Les délégations ont également convenu d’élaborer des principes communs pour une utilisation responsable de l’IA, ainsi que de mettre en commun des capacités de calcul et de développer conjointement des modèles d’IA adaptés aux besoins régionaux.
La Russie, de son côté, a annoncé la tenue prochaine d’une réunion de haut niveau sur l’intelligence artificielle afin de renforcer la coopération sur les modèles nationaux d’IA et d’interconnecter leurs infrastructures informatiques et énergétiques.
Sur le terrain, plusieurs projets pilotes sont déjà en cours. Au Kazakhstan, des assistants juridiques basés sur l’IA ont été développés par des agences gouvernementales et des start‑ups. Selon Dmitry Mun, vice‑ministre de l’Intelligence artificielle et du Développement numérique, ces outils visent à simplifier la législation, à réduire la bureaucratie et à rendre les systèmes réglementaires plus accessibles aux citoyens et aux entreprises.
- Simplification de la lecture des textes législatifs.
- Automatisation des réponses aux demandes administratives courantes.
- Tests en cours pour rationaliser les procédures douanières dans les États membres.
Corridors commerciaux et modernisation de la logistique
Environ 85 % des marchandises acheminées de la Chine vers l’Europe transitent par le Middle Corridor, une route qui relie la mer Caspienne à l’Europe orientale via le Kazakhstan et le Caucase. L’intelligence artificielle est progressivement intégrée aux systèmes de suivi et de gestion du corridor de transport numérique (TDN) afin d’optimiser les flux de marchandises.

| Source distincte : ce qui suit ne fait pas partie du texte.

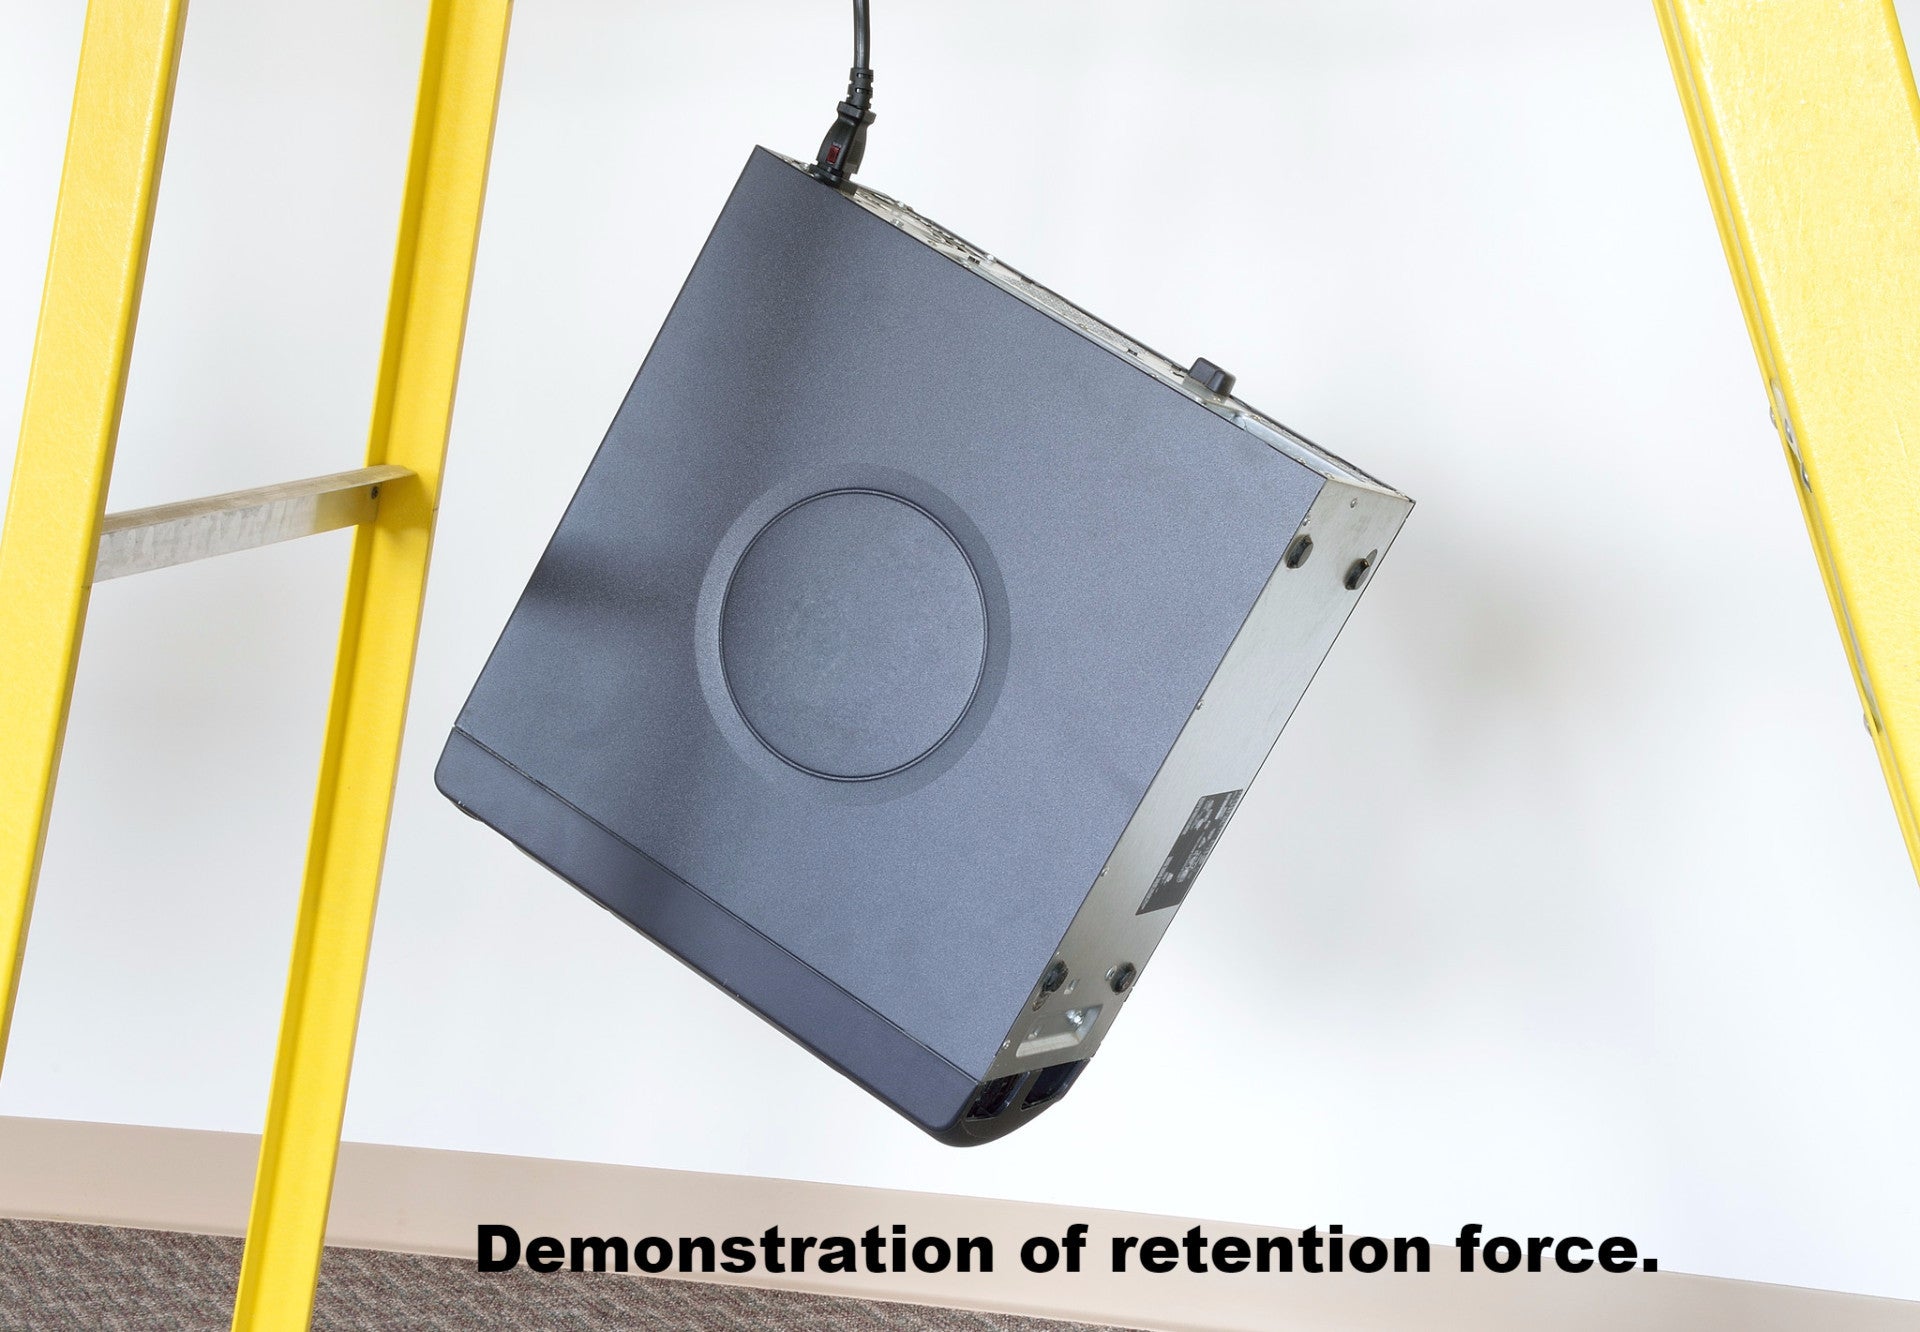 Demonstration of retention force - Desktop computer hanging from cord

Selon les autorités kazakhes, ces améliorations devraient permettre d’augmenter les exportations hors matières premières d’environ 30 % au cours des deux prochaines années. Le ministre du Commerce et de l’Intégration, Arman Shakkaliyev, a expliqué que le Kazakhstan souhaite tirer parti du Middle Corridor ainsi que du corridor Nord‑Sud pour bâtir un écosystème logistique entièrement intégré.
L’objectif à long terme est de faire du Kazakhstan un hub régional où convergent les principales voies de transport, avec un volume de fret attendu de près de 10 millions de tonnes d’ici 2030. Des travaux de modernisation des chemins de fer et de construction de nouvelles infrastructures sont déjà en cours.
Visite de Poutine et accords bilatéraux
Le sommet fait suite à la visite d’État du président russe Vladimir Poutine au Kazakhstan, lors de laquelle les deux pays ont signé sept piliers clés de la coopération bilatérale, couvrant l’énergie, les transports, la finance, l’éducation et le développement industriel.
La Russie demeure le plus grand investisseur au Kazakhstan, avec près de 25 milliards d’euros déjà engagés. Poutine a également confirmé la construction de la première centrale nucléaire du Kazakhstan, estimée à environ 14 milliards d’euros, qui devrait couvrir environ 20 % de la consommation électrique du pays.
Selon les déclarations de Poutine, le financement de ce projet suit les pratiques internationales et soutient la capacité industrielle russe par le biais de commandes d’équipements et de contrats de maintenance à long terme. Le projet renforce également la coopération dans les domaines de l’uranium et de la technologie nucléaire.
Pour les autorités kazakhes, cet investissement représente à la fois une avancée vers la sécurité énergétique et une étape vers une coopération technologique de grande valeur, au-delà des simples exportations de matières premières.